Rising '44: The Battle for Warsaw
- Author: Norman Davies
- Language: English
- Subject: Warsaw Uprising
- Publisher: Macmillan
- Publication date: 2003
- Publication place: United States

= Rising '44 =

Book by Norman Davies

Rising '44: The Battle for Warsaw is the title of a documented and illustrated historical account of the Warsaw Uprising by the historian Norman Davies.
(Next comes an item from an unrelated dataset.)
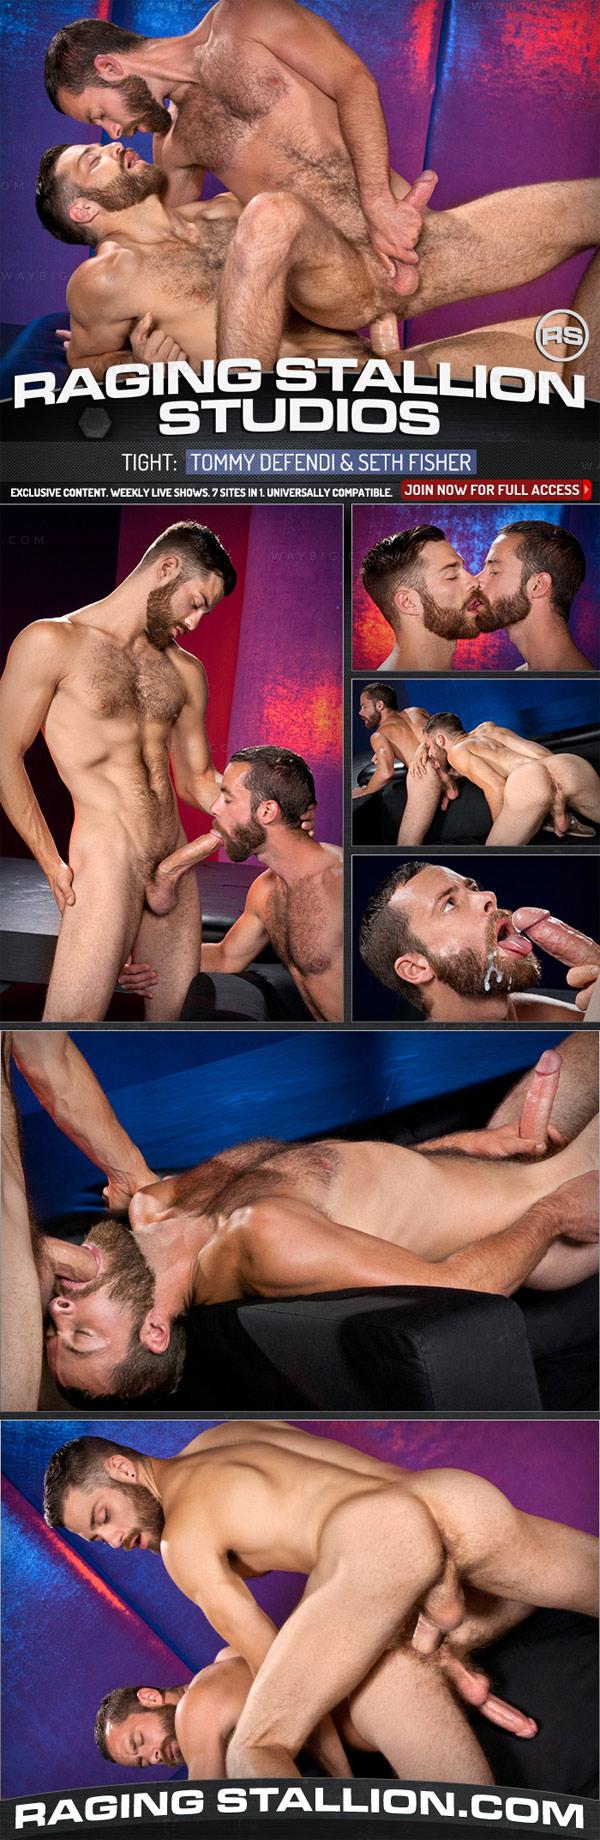 Tight (Tommy Defendi & Seth Fisher) (Scene 3) at Raging Stallion

It was mostly well received by specialists and commentators during its publication.

One controversy surrounding the book is that Davies purposely anglicised most of the Polish proper names, including placenames and pseudonyms used by Polish conspirators, to bring the reality of events closer to English-speaking readers and to help them concentrate on the narrative, rather than on the complexity of Polish names.

However, the Polish historian Jan Ciechanowski has taken grave exception to the work in more general terms:

In the hands of Davies the Warsaw Rising has become his personal "plaything", the outpouring of his uncommonly overactive imagination, his huge arrogance and of his vast fantasy. In fact his knowledge about the Warsaw Rising is actually limited.

Ciechanowski has accused the author of so littering the book with factual and interpretative errors, "the number of all manner of errors in Davies' work is such, as to render his account of the Rising not wholly credible".